ACTIVITY -
When you reach the line containing "Oslo veivesen rydder snø,.januar 1967" in the entries below, begin reproducing lines exactly, and stop once the line containing "X-Concealment Glock Holster-img_20140121_231406_077.jpg" is done.

INPUT -
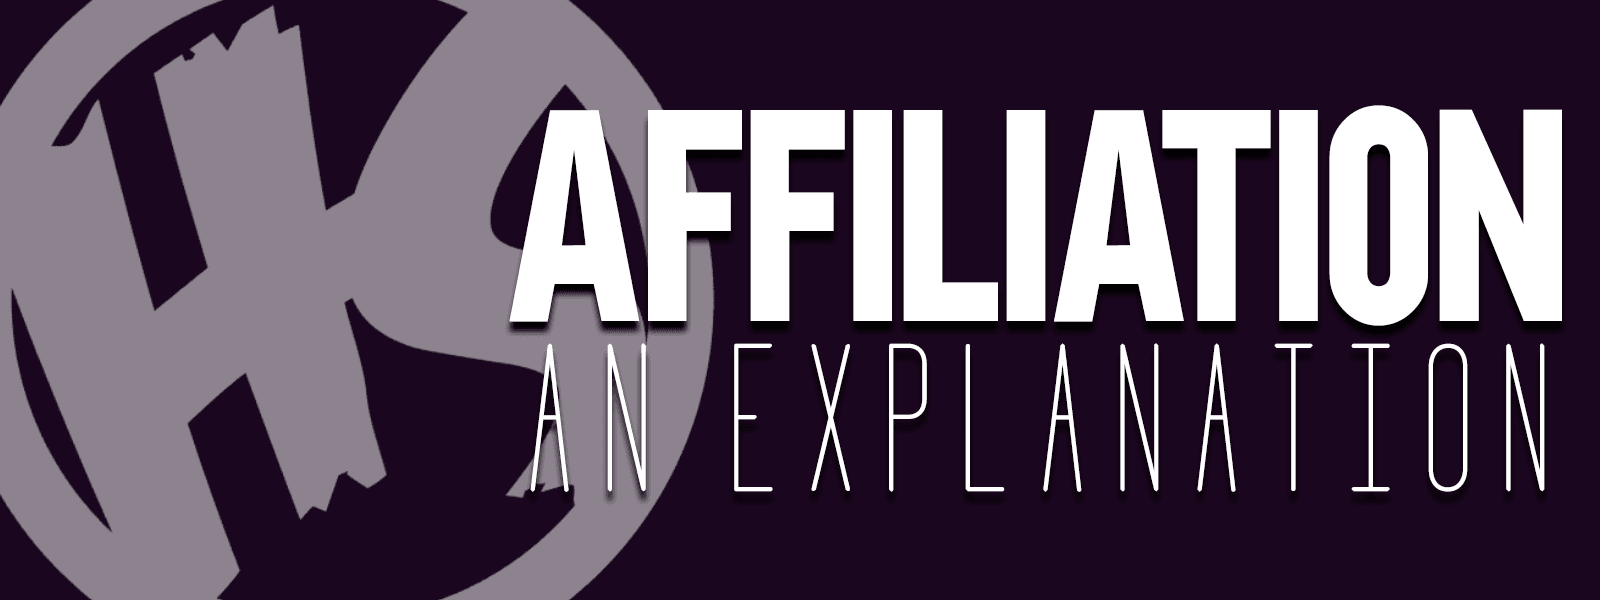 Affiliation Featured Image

...

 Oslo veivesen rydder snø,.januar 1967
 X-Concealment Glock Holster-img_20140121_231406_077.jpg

YOUR RESPONSE -
 Oslo veivesen rydder snø,.januar 1967
 X-Concealment Glock Holster-img_20140121_231406_077.jpg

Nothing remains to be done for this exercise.